Pour autant, si ces signes semblent présager de l’issue tragique à venir, Pierre apparait radieux, semblant renouer avec les plaisirs de la vie, sur ses derniers instants. Ainsi, il peut arriver qu’il soit plus difficile de voir les signes avant-coureurs quand ceux-ci apparaissent de manière déguisée ou semblent subitement s’éteindre. Le risque suicidaire reste toujours présent, même lorsque la crise paraît s’éteindre, et la vigilance est toujours de mise après une première tentative de suicide.

  • Idées reçue numéro 3 : « face aux idées suicidaires on ne peut rien faire »

En France, depuis ces 20 dernières années, la mise en place de plans de prévention de plus en plus structuré, a permis de faire chuter le nombre de suicide de 18%. Le taux de suicide chez les agriculteurs reste quant à lui toujours alarmant (1 suicide tous les deux jours en 2019), bien qu’il connaisse une baisse depuis 2015 (1 suicide par jour en 2015).

L’évaluation de la crise suicidaire, le repérage des signes avant-coureurs et la mise en place de soins adaptés constituent des actions qui ont fait leurs preuves dans la prise en charge du risque suicidaire.

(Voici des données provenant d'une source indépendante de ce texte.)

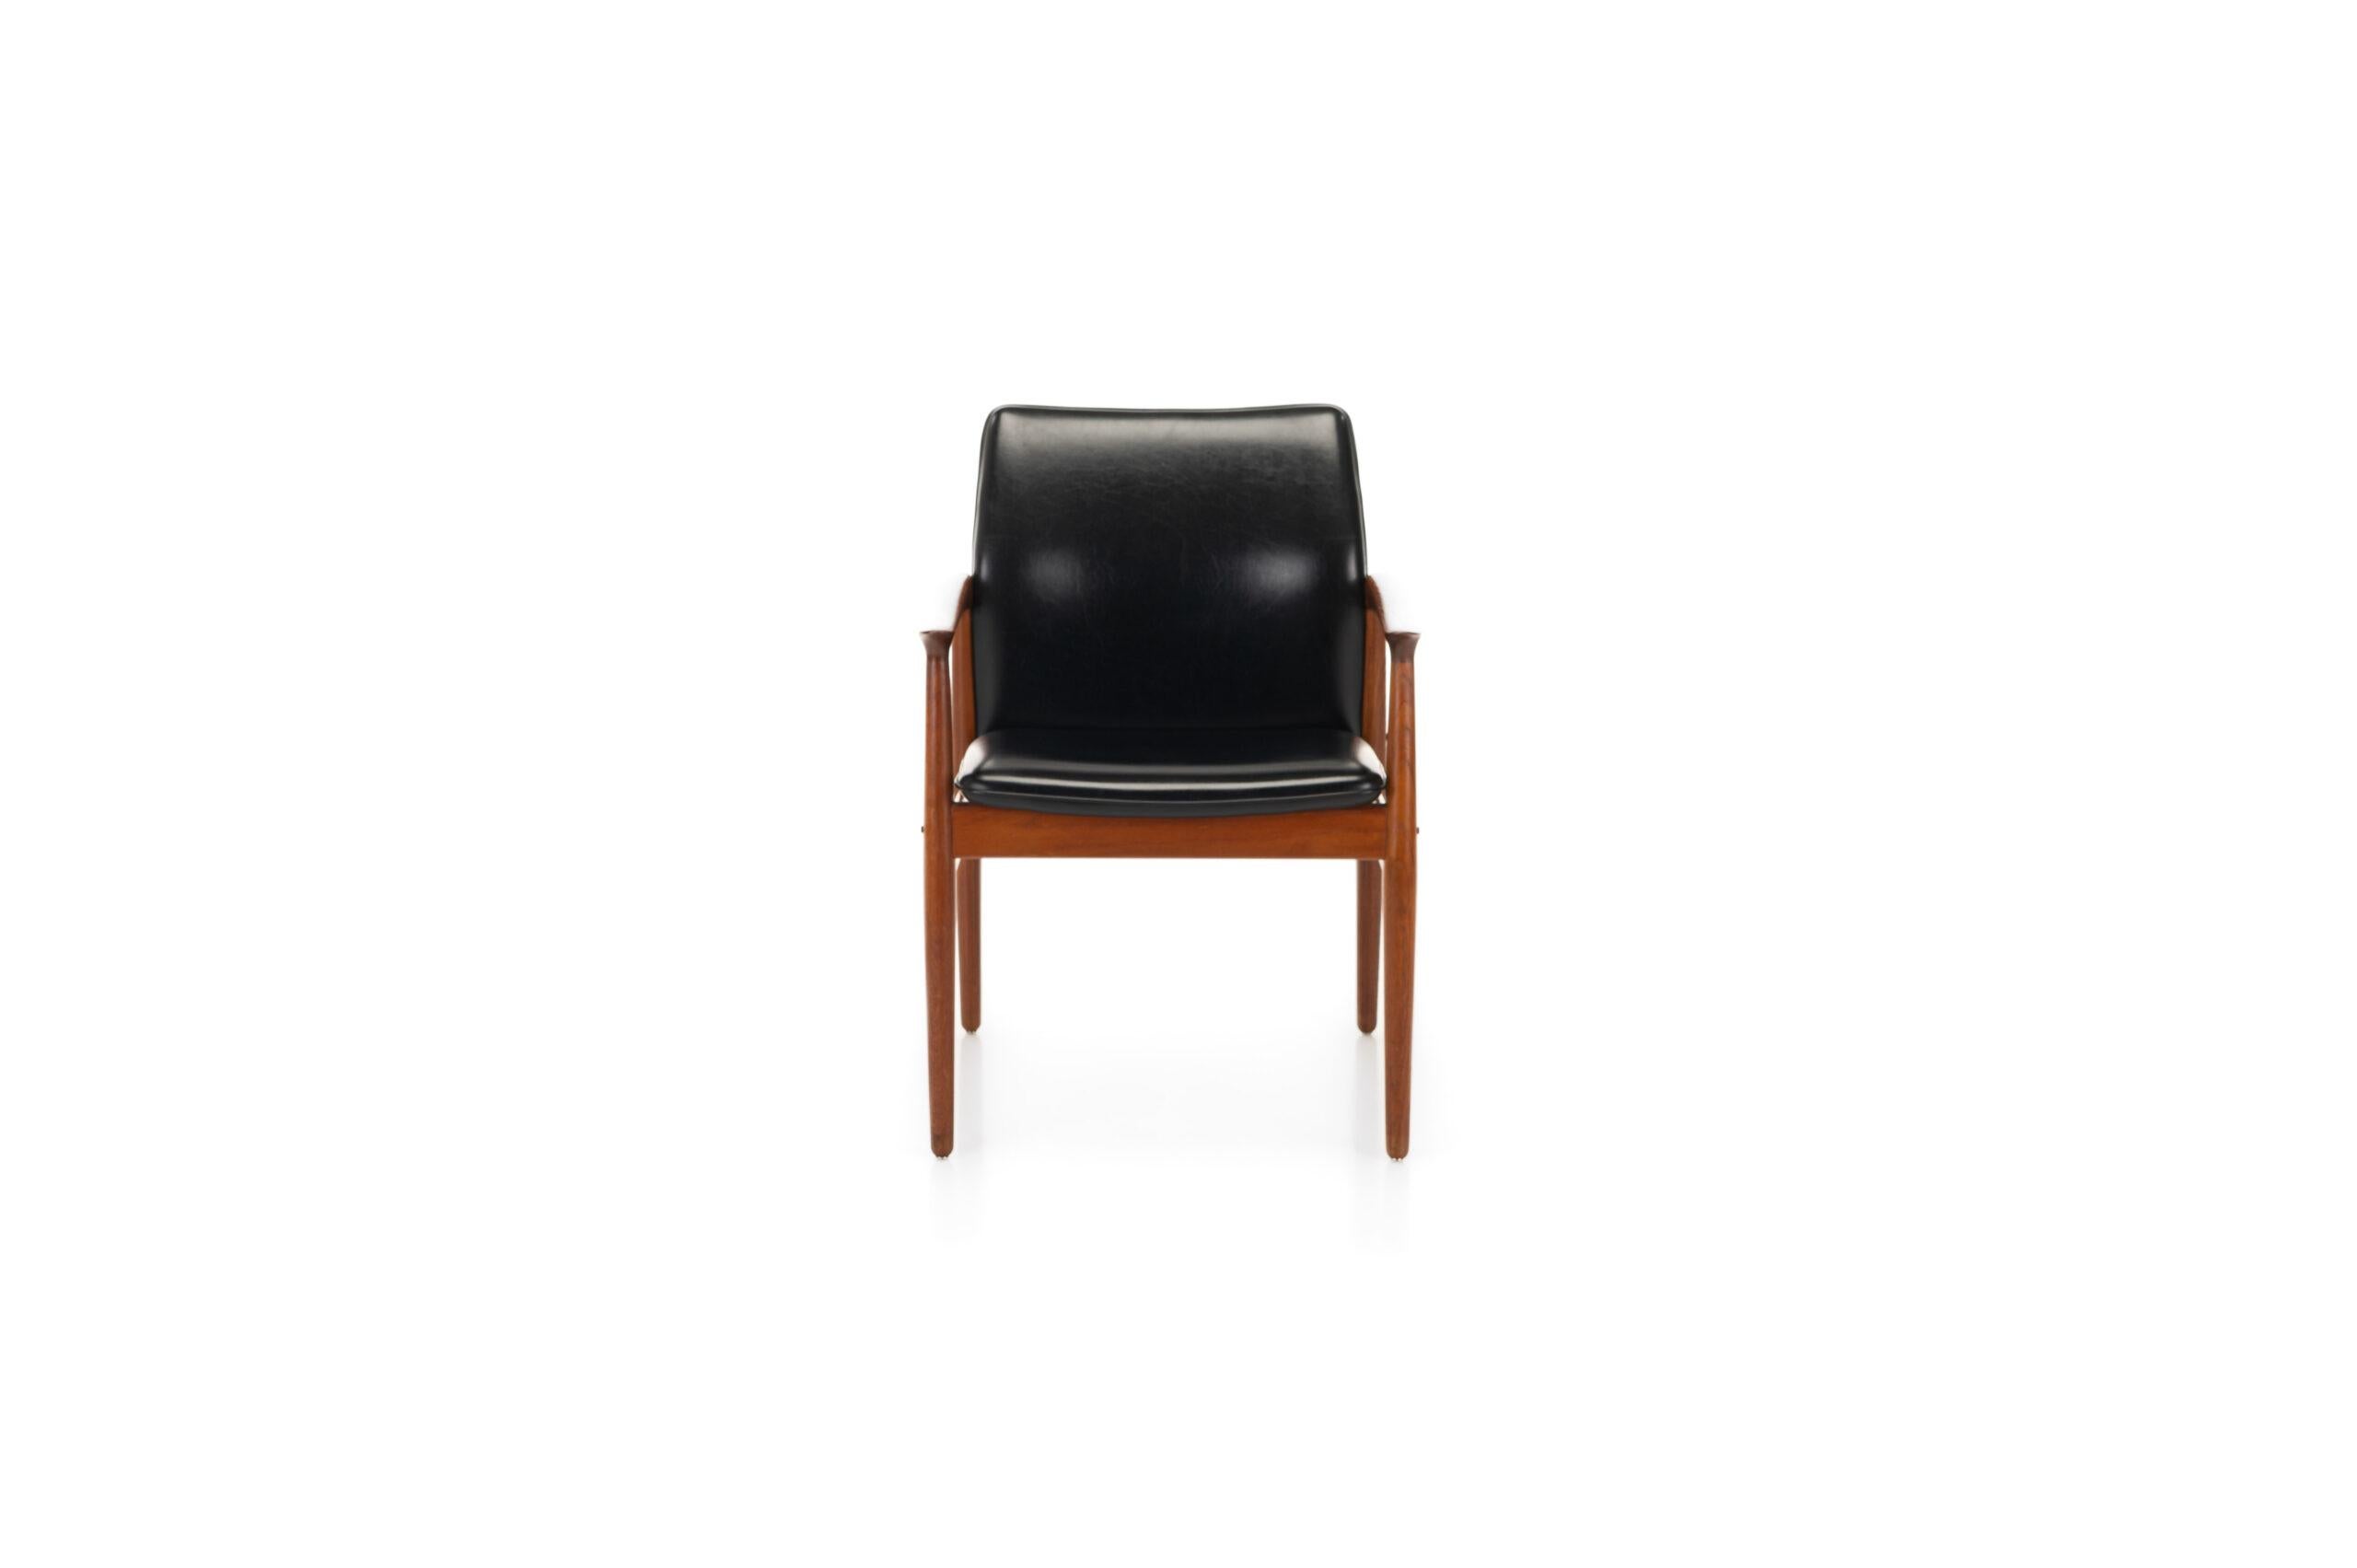 Fauteuil danois de Grete Jalk pour Glostrup, Danemark années 1960. La chaise a un cadre en teck, un revêtement en skaï noir et est en excellent état d'origine.

Et si l’histoire de Pierre semble se terminer tragiquement, E. Bergeon y voit quant à lui un film d’espoir car ce père, auprès de qui il a beaucoup appris, ne lui a pas légué une ultime dette, mais au contraire un héritage : celui «de croire en ses projets, de travailler et de ne pas oublier cette terre ».

Nous attirons votre attention sur le fait que ce film, s’il est utilisé à des fins de prévention doit être traité avec de nombreuses précautions pour limiter l’effet de contagion suicidaire. Papageno ne recommande qu’exceptionnellement de limiter le visionnage de films ou séries où le suicide est abouti pour les personnes  en souffrance psychique risquant de s’identifier aux personnages. En revanche, ces films et séries peuvent être le support de discussions, de travail des représentations, voire de repérage si lors de leur diffusions ils sont suffisamment discutés et travaillés par les professionnels de la santé mentale et de la prévention.